Nakagawa Experimental Forest (approx. 20,000 ha) is located over Nakagawa Town and Otoineppu Village in Northern Hokkaido. Coldness and heavy snow are of winter climatic characteristics. While dominant vegetation is a conifer-broadleaf mixed forest, a pure forest of Sakhalin spruce (Picea glehnii) also stands on serpentine soil area. Nakagawa Experimental Forest contains various forest types such as a Japanese stone pine (Pinus pumila) area on the highland and a riparian forest on the lowland. There are over 46 long-term monitoring plots of tree census to understand forest community dynamics.
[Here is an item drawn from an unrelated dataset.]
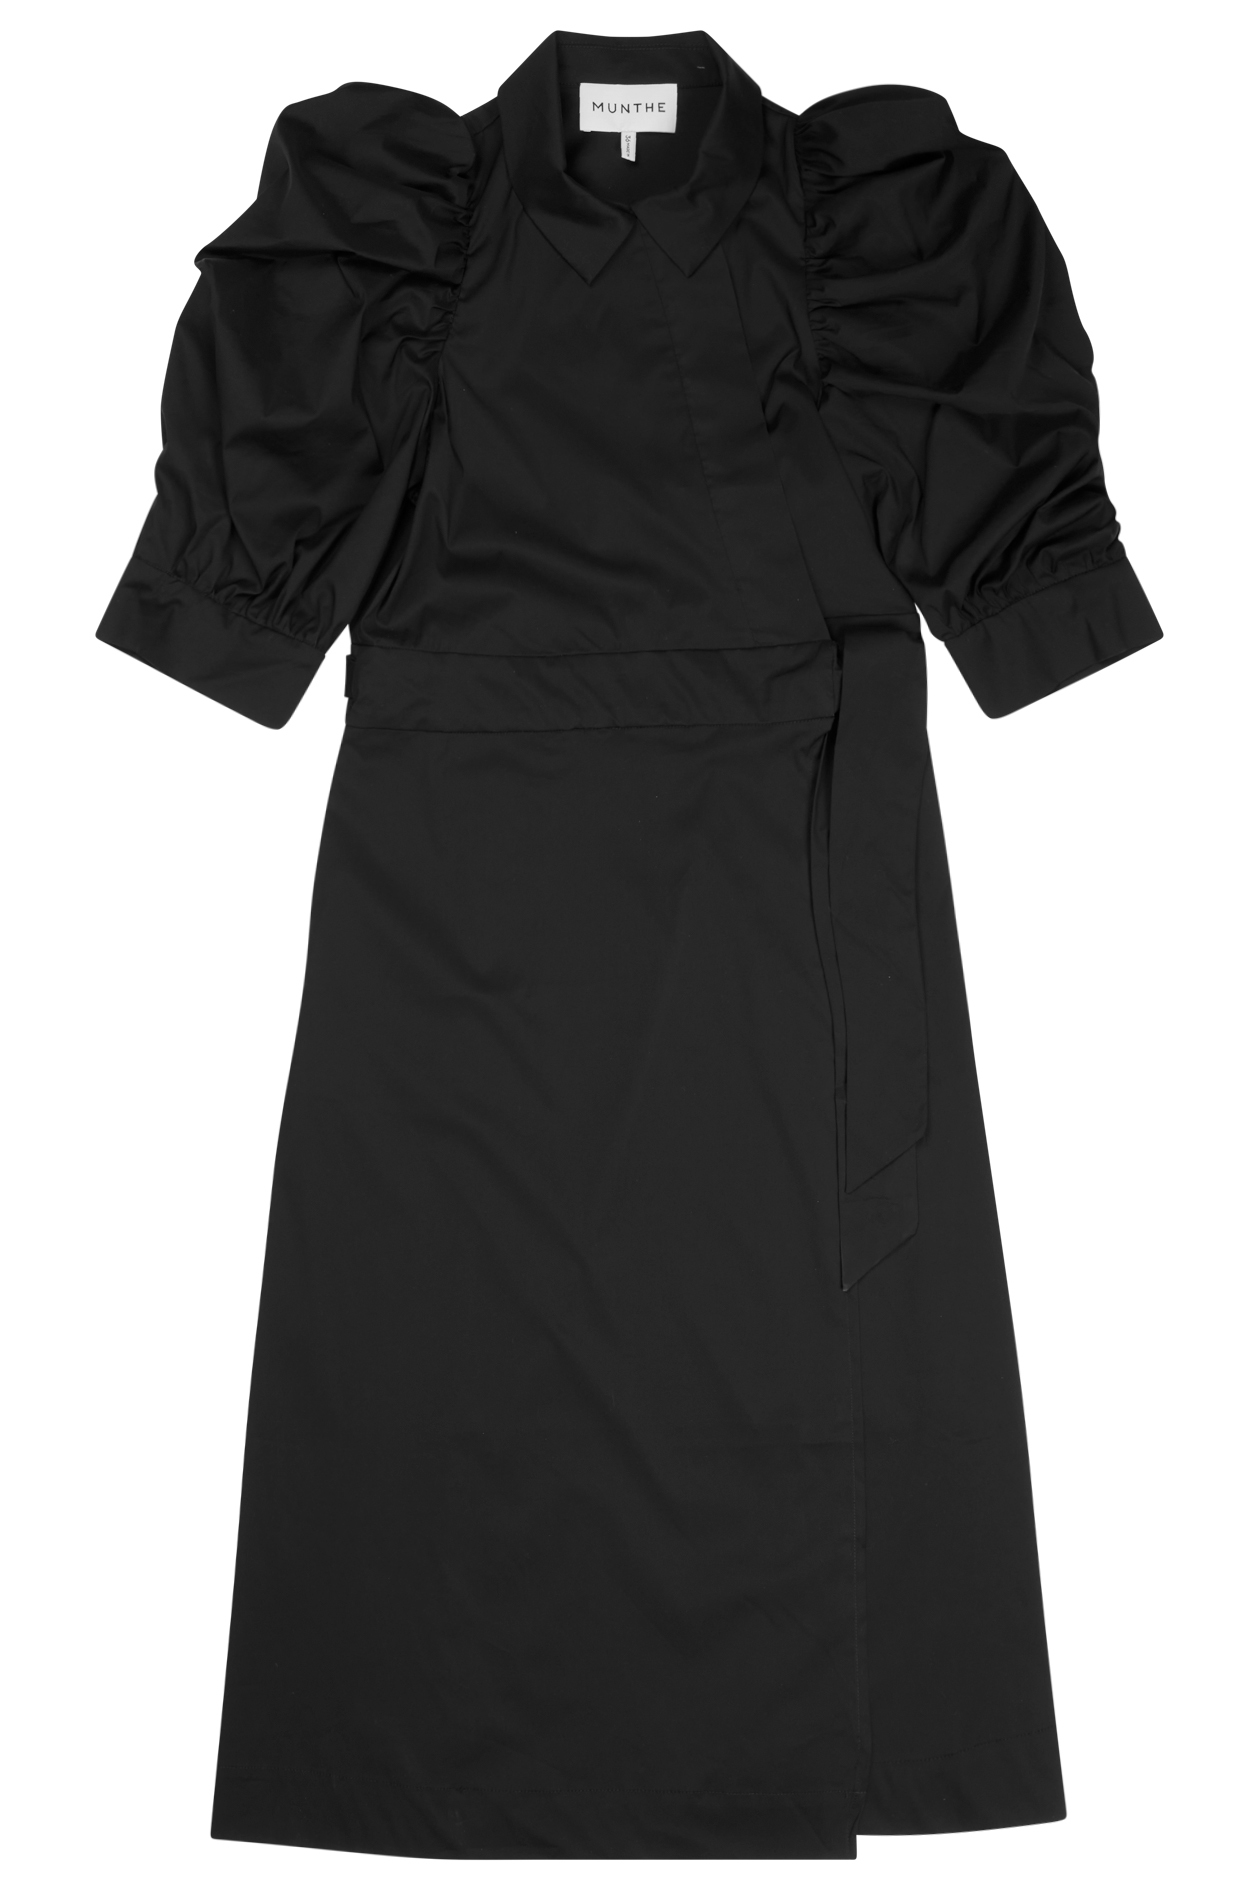 Munthe Aita Organic Cotton Dress - Black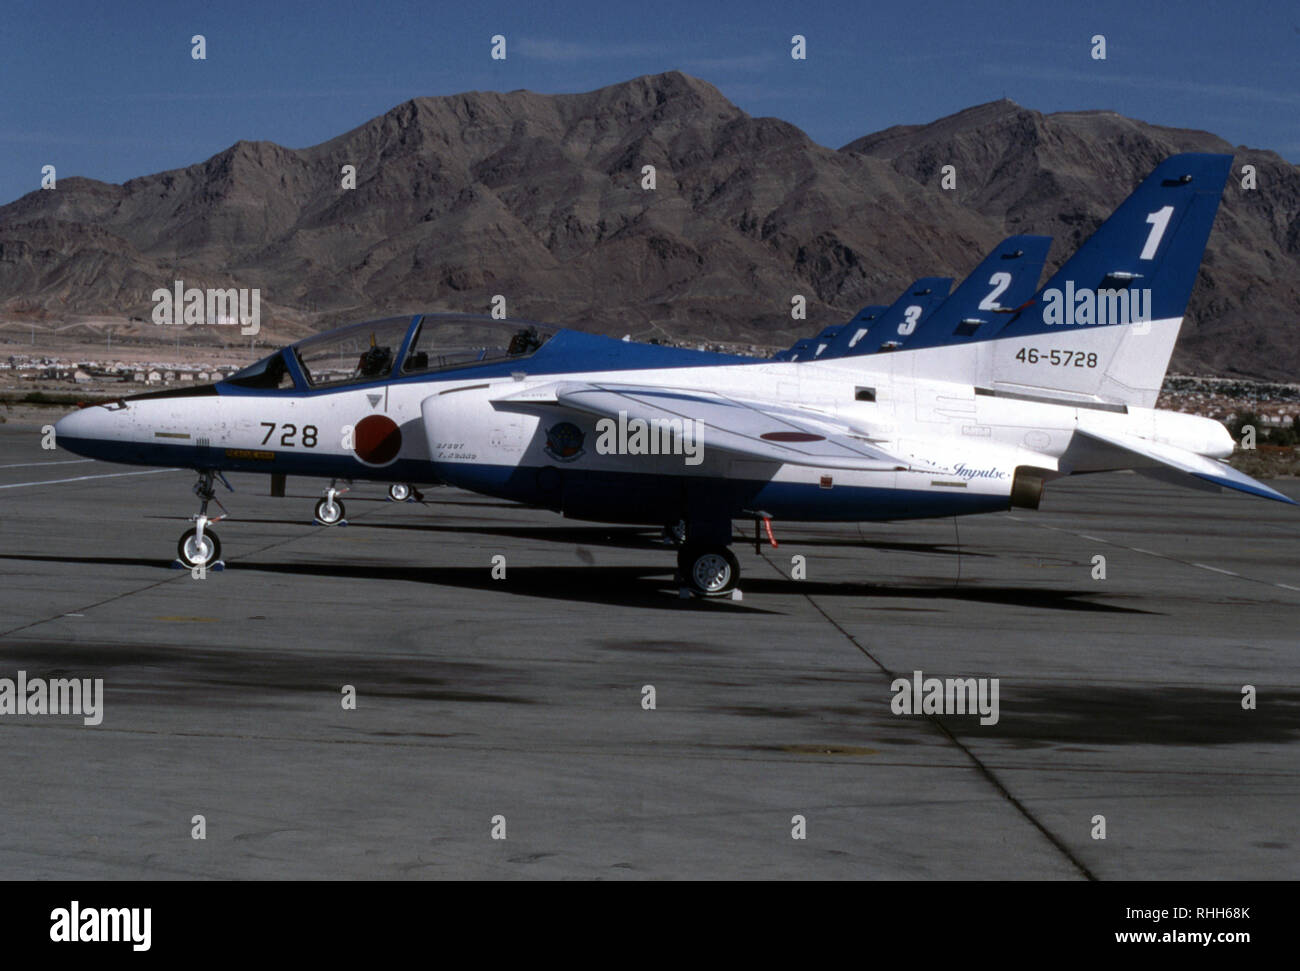 Japan Air Self-Defense Force JASDF - Japanese subsonic intermediate jet trainer aircraft Kawasaki T-4 Stock Photo

Uryu Experimental Forest since 1910 is the oldest Experimental Forest of Hokkaido University, located in Horokanai Town in northern Hokkaido. The area of the experimental forest is about 250 km2 surrounding Lake Shumarinai, the largest manmade lake in Japan. Climate is characterized by particularly low temperature and heavy snow in winter. It recorded -41.2 ˚C, the lowest temperature in Japan, in 1978 in our Moshiri Office; the record heavy snow is 2.75 m deep. Uryu Experimental Forest is located in a transitional area from cool-temperate to boreal zones. The main forest type is a cool-temperate mixed forest consisting of evergreen conifer and deciduous broadleaf. Natural oak (Quercus crispula) forests are common in the upper-stream of northern area with mildly sloped mountain terrain on Tertiary andesite, while pure forests of Sakhalin spruce (Picea glehnii) are largely distributed over the southern area on serpentine rock. As for research activities, long term monitoring has been carried out in various research topics and large-scale field experiments have been also conducted. We engage educational activities including field lectures for undergraduate and graduate students and various scientific events for public community.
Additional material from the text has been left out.